We compute sensitivity signals (time-series derivatives of the output) and then reduce them to scalar gradients of the loss.
Let \(e(t)=y(t)-\text{target}(t)\) and \(\ell=\frac12 e^2\). Then \(\partial \ell / \partial y = e\).
In code: simulate the TF \(H_j \circ G_j\) with input \(x_i\), multiply pointwise by \(e(t)\), average.
def train_step(self, target, lr_w=1e-4, lr_p=1e-3, loss_reducer=lambda z: float(np.mean(z))):
y = self.forward()
err = y - target
G = self.downstream_tfs()
# --- edge weights ---
for e in self.edges:
j = e.dst
HjGj = tf_series(self.nodes[j].tf, G[j])
src_sig = self.x[e.src] if isinstance(e.src, int) else self.sources[e.src]
_, sens, _ = signal.lsim(HjGj, U=src_sig, T=self.t) # sens ≈ ∂y/∂w_ij
grad_w = loss_reducer(sens * err) # ⟨sens, ∂ℓ/∂y⟩
e.w -= lr_w * grad_w
# --- node parameters ---
for j, node in enumerate(self.nodes):
for pname, dHj in (node.d_tf or {}).items():
dHjGj = tf_series(dHj, G[j])
_, sens, _ = signal.lsim(dHjGj, U=self.u[j], T=self.t) # ∂y/∂θ
grad_p = loss_reducer(sens * err)
proposal = node.params[pname] - lr_p * grad_p
if pname in ("tau", "zeta", "gamma"): # keep TF stable/causal
proposal = max(1e-6, proposal)
node.params[pname] = proposal
# refresh TFs after parameter updates
for node in self.nodes:
node.rebuild()
return {"loss": float(np.mean(0.5 * err**2)), "y": y, "err": err}
A small but important detail: when updating \(\tau,\zeta\) we clamp them to be positive to keep the TFs stable.
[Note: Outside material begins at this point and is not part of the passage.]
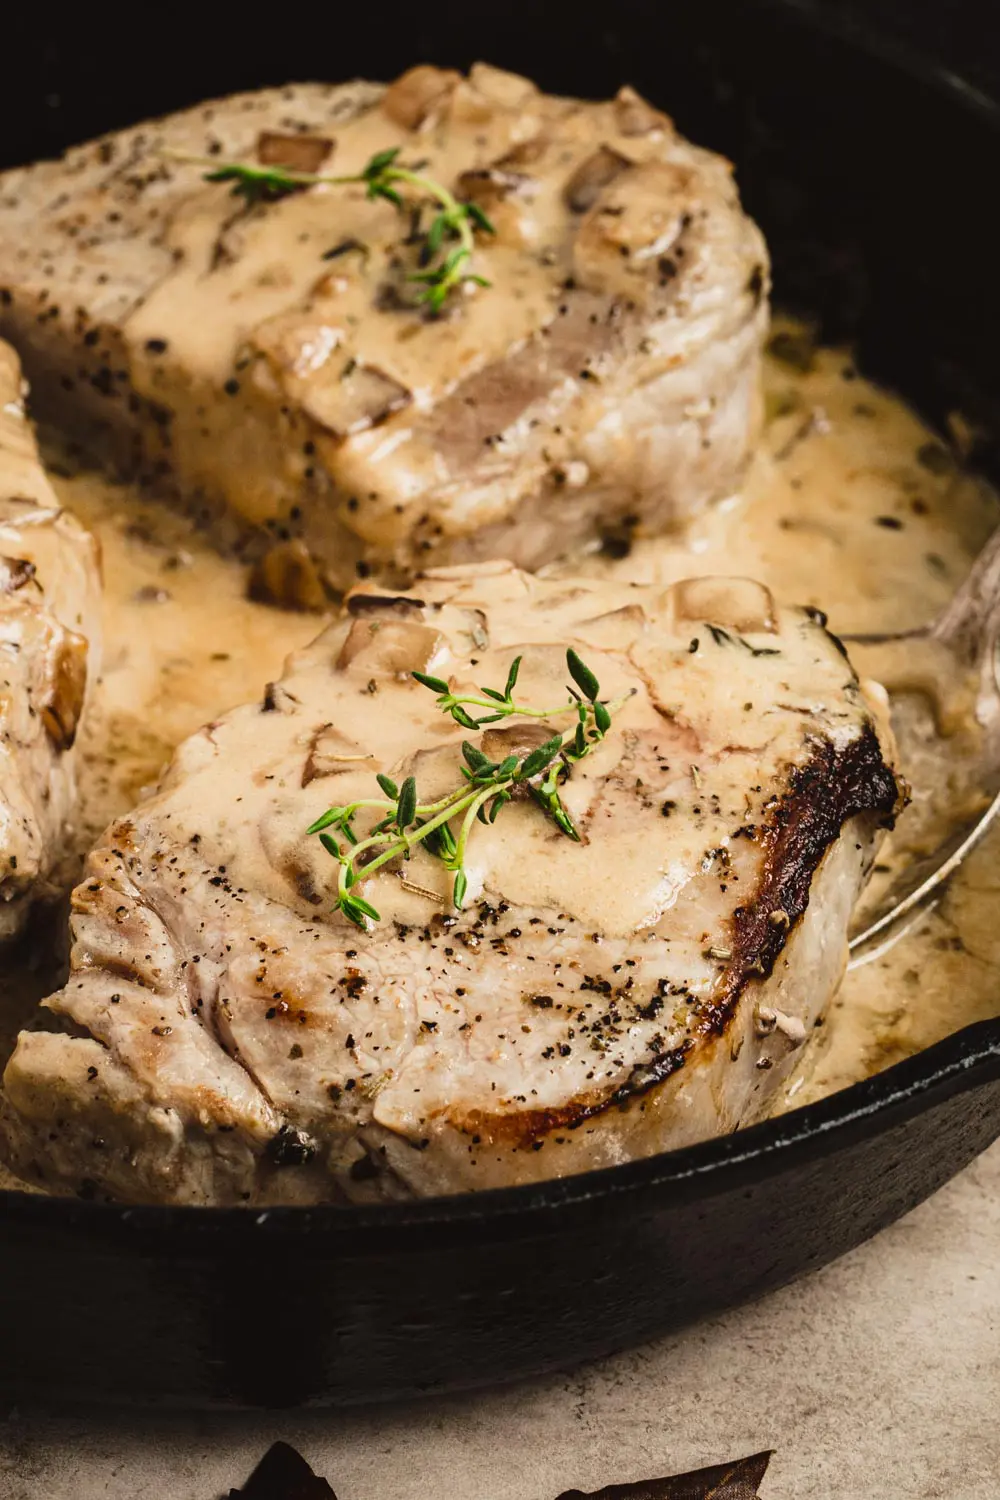 Apple cider brined pork chops in an apple cider cream sauce topped with fresh thyme in an iron skillet.

\(\partial y/\partial theta\) is a time-varying derivative (a signal). The gradient of the scalar loss is the inner product of that sensitivity with \(\partial \ell/\partial y\) (here, just \(e\)). The code mirrors this exactly: simulate sensitivity → multiply by error → reduce.
We train with vanilla SGD on both edge weights and neuron parameters:
for epoch in range(2000):
stats = net.train_step(target=position, lr_w=1e-4, lr_p=1e-3)
if epoch % 20 == 0:
print(f"Epoch {epoch:3d} | loss ~ {stats['loss']:.6f}")
We can probe extrapolation directly: take the training input and scale it ×10, then see if the model still tracks.
To compare, here’s a standard two-layer nn.RNN with a not very similar footprint:
We train on 20-step sequences using MSE on \(d\mathbf{s}/dt\), then simulate closed-loop on the full horizon, including the same ×10 input scale test.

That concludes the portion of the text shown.